Seeds are amazing structures, capable of protecting an embryonic plant for hundreds of years in a state of suspended animation, awaiting the onset of favorable conditions to initiate germination. The seed represents a pause in the lifecycle of plants that is so effective, it conferred a major selective advantage on those species having it, the earliest of which arose in the late Devonian (417-354 Mya) and came to dominate by the early Mesozoic.
Seeds possess a number of improvements over spores that are adaptive, including a seed coat, multicellular embryonic seedling, and a significant reserve of energy. The thickness and material making up the seed coat varies from species to species and plays a role in the particular kind of dormancy experienced by a seed. The nature of the coat also influences the kinds of signals that are able to reach the embryo and release dormancy.
Plants producing thick, lignified seed coats typically undergo coat-imposed dormancy, characterized by the physical exclusion of light and water, extremely limited gas exchange between the embryo and the environment, and the maintenance of high concentrations of the dormancy-promoting hormone abscisic acid. Some seeds having this kind of dormancy can endure for hundreds of years and remain viable . These seeds are “hermetically sealed” packages, and must be broken open in order for germination to proceed. This breakdown may occur through the activity of animals (including exposure to digestive acids), exposure to freeze-thaw cycles, or other weathering processes.
Plants not having a thickened coat remain capable of dormancy, but rather than the physical restriction of exchange, dormancy arises from production of and response to particular chemical messages. In actual fact, both kinds of dormancy use chemical signaling to promote or release dormancy, but seeds with thickened coats have an additional mechanism for protecting the dormant state of the embryo.
In addition to a seed coat, all seeds contain a supply of energy contributed by the parent. Depending on the kind of plant, this energy supply may take one of two different forms. In some plants the energy deposited by the parent remains in a large, starchy mass known as endosperm. Grasses (Family Poaceae) such as wheat (Triticum aestivum), maize (Zea mays), and rice (Oryza sativa) all maintain a prominent endosperm throughout seed maturation and dormancy. It is the endosperm, in fact, that we are eating when we eat grains like rice and wheat. In other plants, the endosperm may be absorbed fully by the developing embryo and stored in specialized seed leaves called cotyledons. Plants such as beans (Family Fabaceae) are representative of this strategy.

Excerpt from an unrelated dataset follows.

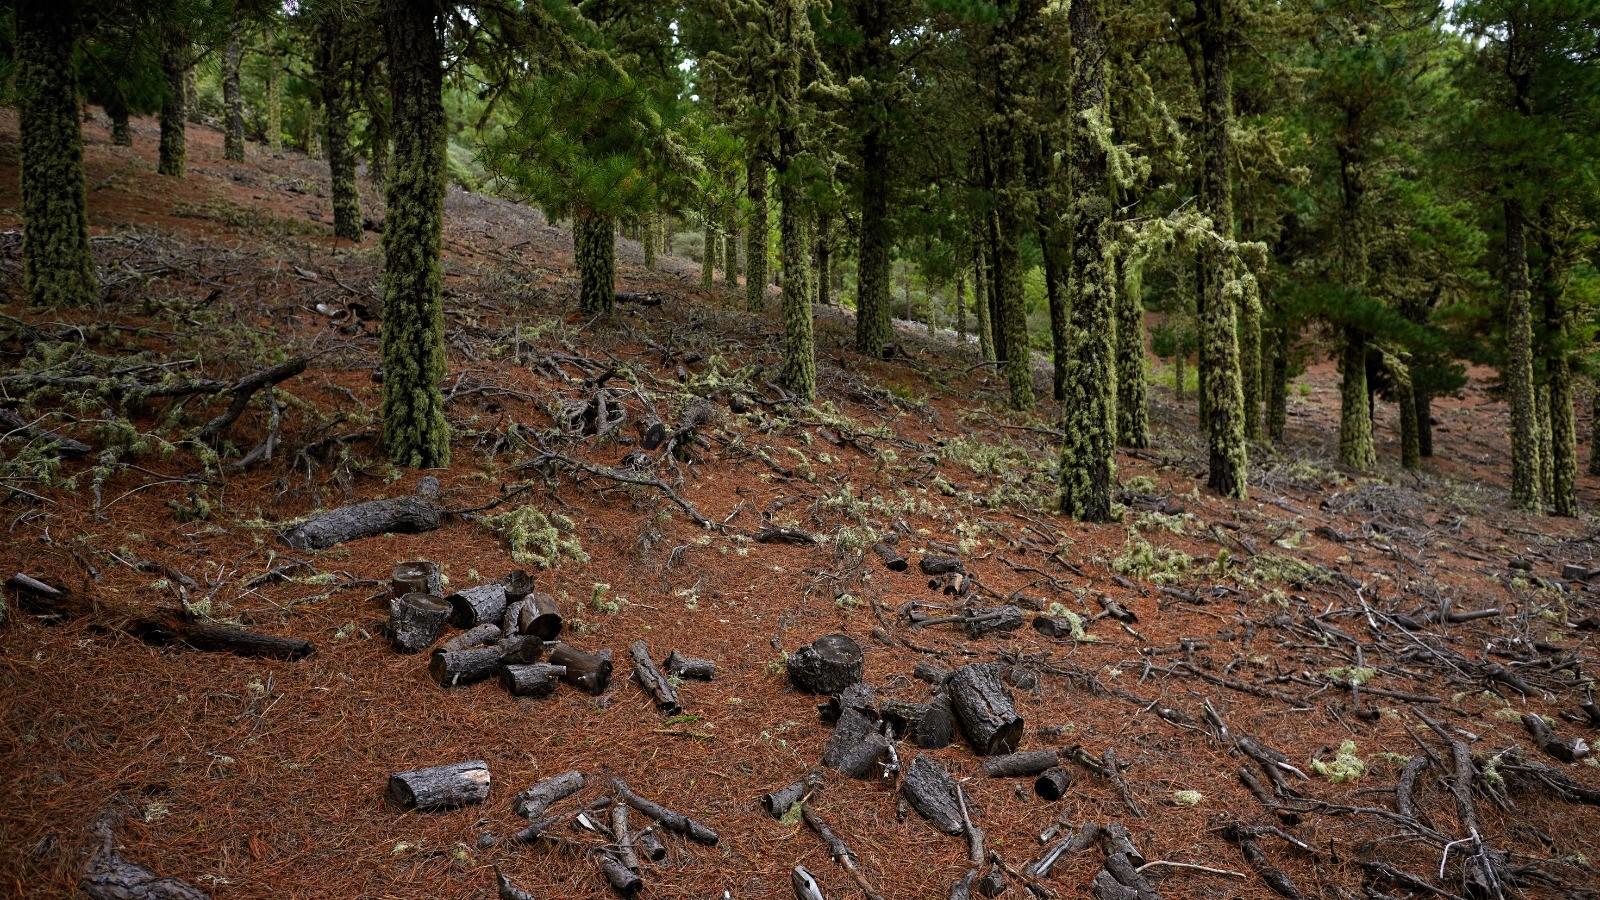 La deforestación mundial tiene impactos que genera en la pérdida de biodiversidad y el cambio climático. Imagen: Miteco

The embryo is the result of fertilization, or syngamy (fusion of gametes). Upon the fusion of the sperm nucleus with the egg nucleus inside the ovule, a single-celled zygote forms and begins developing into the embryo. As early as the first division of the zygote, polarity has already been established that will govern the apical-basal axis of the embryo. The embryo is fully dependent upon the parent plant for nutrition during seed maturation and early seedling establishment, until the seedling becomes photosynthetic and therefore autotrophic (self-feeding). Before this, the embryonic plant is in fact heterotrophic, benefiting from the investment of photosynthate from its parent.